Physical index of Dibutyltin dilaurate D-82

Chemical name: Dibutyltin dilaurate
Number: D-82
CAS NO：77-58-7
Molecular formula: C32H64O4Sn
Structural formula:–
Sn content: 18.5~19.5%
Density (25°C): 1.07±0.02g/ml
Boiling point: >204°C/12mm Hg
Refractive index: (20°C): 1.471
Physical properties standard: a light yellow liquid, low temperature into white crystals

At present, fire-resistant coatings for pre-stressed concrete floor slabs are developing in the direction of light weight and high fire and heat insulation. Since the inorganic material itself is incombustible, it has good fire resistance, high mechanical strength, oil resistance, water resistance, acid and alkali resistance, non-mold, non-toxic, and odorless, and has no adverse effects on reinforced concrete materials. This type of fireproof coating has been widely used. Following this principle, after a large number of screening tests, flame retardants and flame retardant additives are determined. Generally, composite inorganic flame retardants and aluminum-containing amide modified polyethylene wax formula inorganic refractory materials are used as flame retardant additives.

The structure of the selected composite inorganic flame retardants is Contains a lot of crystal water. This is of great significance to the fire resistance of prestressed concrete floor fire-resistant coatings; the selected inorganic fire-resistant and sun-burning materials are light-weight, high-strength, and have low thermal conductivity. The amount of flame retardants and sun-burning additives selected has an optimal value. If the flame retardant is used too much, its fire and heat insulation effect will be good, but the physical and chemical properties of the fire retardant coating will be affected; if the amount of flame retardant is too small, Its physical and chemical properties are good, but the fire and heat insulation effect of the coating is poor. The effect of the amount of flame retardant on the performance of this type of fireproof coating is shown in Table 23-32.

It can be seen from Table 23-32 that the amount of flame retardant additive is about 45%. At this time, the fire retardant coating not only has efficient fire and heat insulation properties, but also has excellent physical and chemical properties.

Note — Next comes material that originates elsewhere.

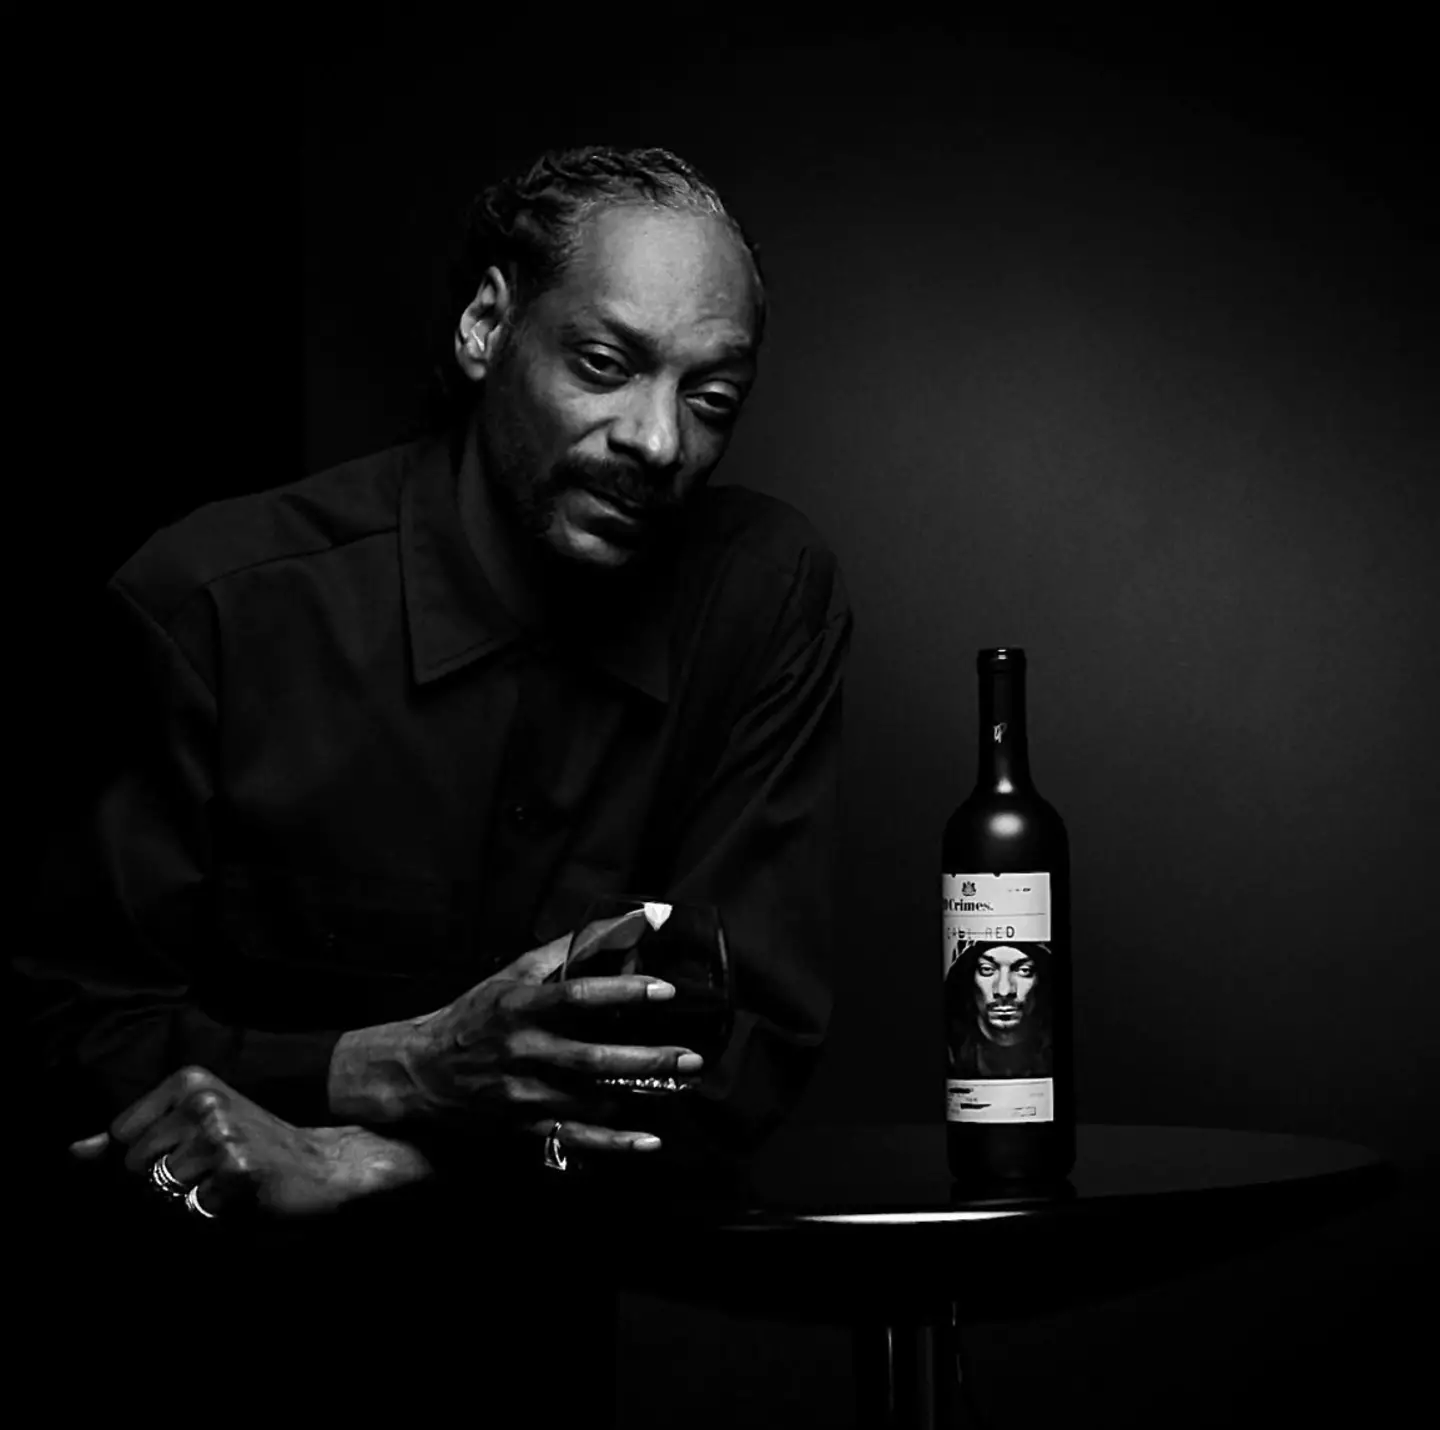 Snoop Dogg owns his own wine brand, Cali by Snoop.

In addition, the choice of flame retardant additives must first consider its impact on the stability of the base material; secondly, consider the impact of particle size and shape on the performance of the fire retardant coating. According to this principle, flame retardant additives with a fineness of less than 320 mesh and a plasticizer function are generally selected. The addition of flame-retardant additives plays a role in softening the flame-retardant particles, improving the weather resistance and toughness of the fire-retardant coating, and at the same time greatly reducing the cost of the fire-retardant coating. Its dosage is generally about 10%. In the formula, it is also necessary to select inorganic materials that can absorb heat, expand, absorb heat, and lose heat at high temperatures as aggregates, use aluminum silicate fibers as reinforcing materials, and use appropriate chemical aids. Agent.